M. Schneider is the executor of the estate of his father, S. Schneider. According to the terms of S. Schneider’s will, his estate went to his two children, his son, M. Schneider and his daughter, J. Kotcher. M. Schneider was to receive corporate stock, valued at approximately $144,000. The remaining estate, valued at approximately $673,000, was to be equally divided between M. Schneider and J. Kotcher.

Kotcher objected to probate. However, Kotcher ultimately withdrew her objections after M. Schneider agreed to pay her $75,000. M. Schneider then filed an amended final account, and Kotcher objected to it because it credited the estate with paying the $75,000 settlement. By crediting the estate with paying her the $75,000, her pro rata share of the estate taxes increased. Kotcher asserted that the $75,000 was paid by M. Schneider personally, and not the estate. The Surrogate’s Court disagreed, concluding that the stipulation of settlement required the $75,000 to be paid by the estate and not Marvin Schneider personally. Kotcher appealed. The appellant division found in favor of Kotcher.

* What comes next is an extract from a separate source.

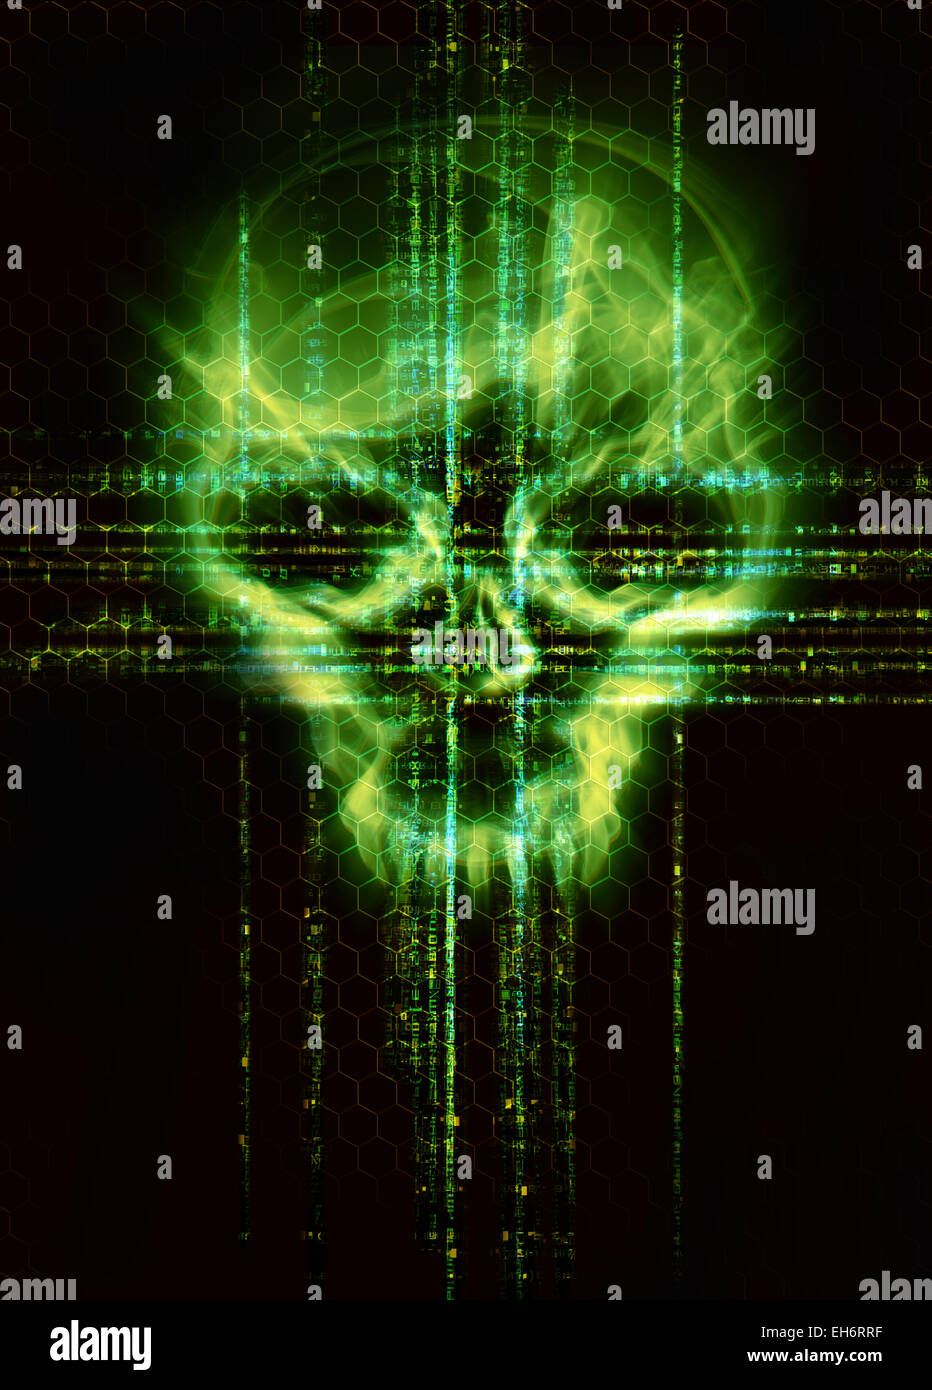 Sfondo Digitale Con Teschio Verde Attacco Hacker Concept Foto

The court reasoned that the intention of Kotcher and Schneider was for the settlement to be paid by Schneider personally. In agreeing to this, Kotcher withdrew her objections to probate and the expectation was that the estate would then be distributed according to its terms. In fact M. Schneider issued a check to Kotcher from his business account and testified that he paid Kotcher “out of [his] own pocket”. Thus, the Surrogate’s Court improperly concluded that the settlement was to be paid by the estate.

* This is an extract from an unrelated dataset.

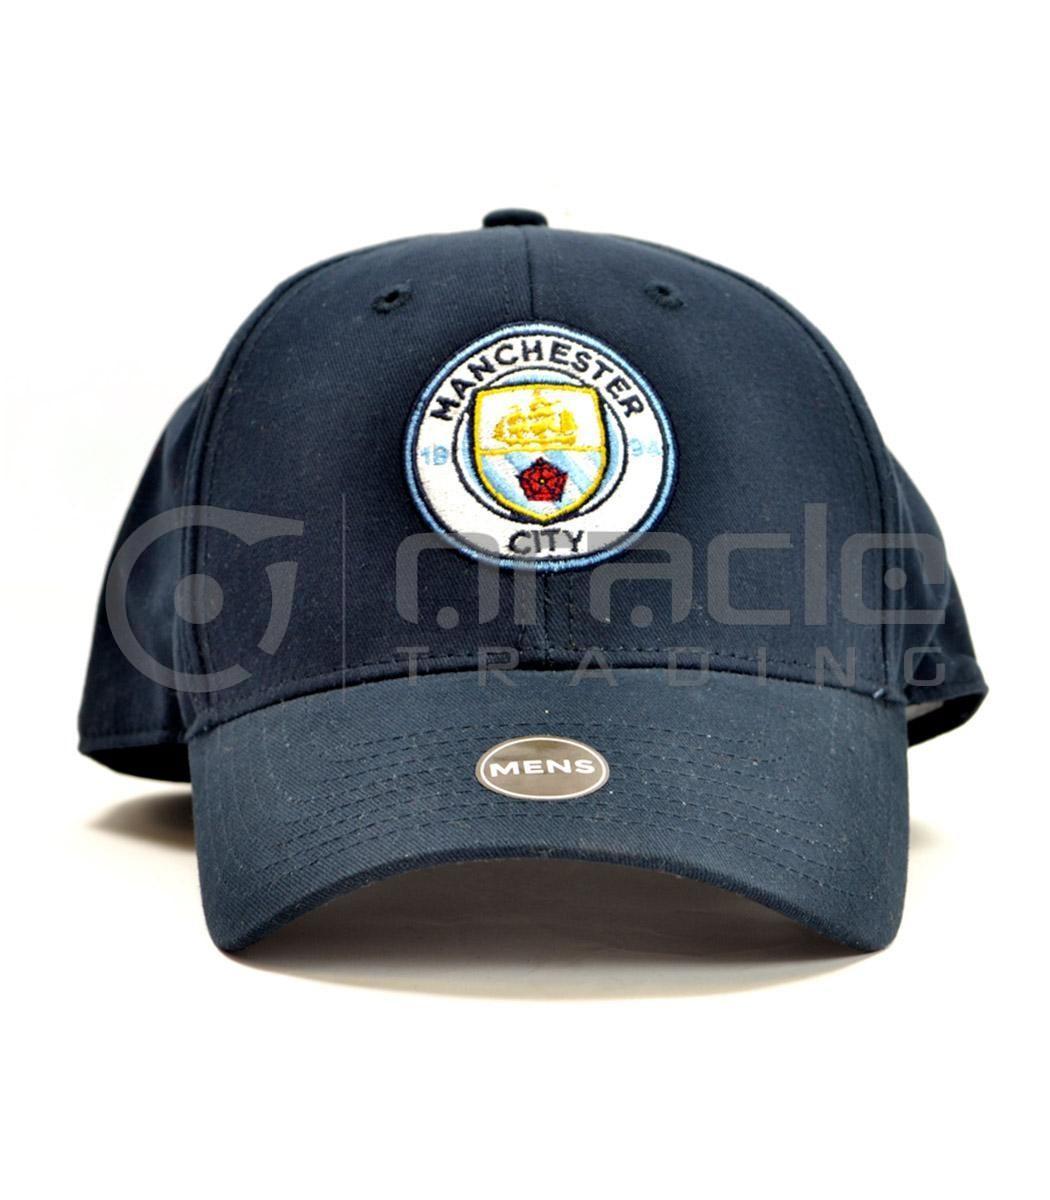 Manchester City Navy Crest Hat - Brand 47

Accordingly, the court sustained Kotcher’s objections and ordered the recomputation of the final account with an appropriate allocation of the estate taxes. Because the legal fees related to the accounting proceedings were not rendered solely on behalf of M. Schneider personally, it was appropriate that the $6000 in legal fees related to the accounting proceeding be paid from the estate to the attorneys for M. Schneider as executor.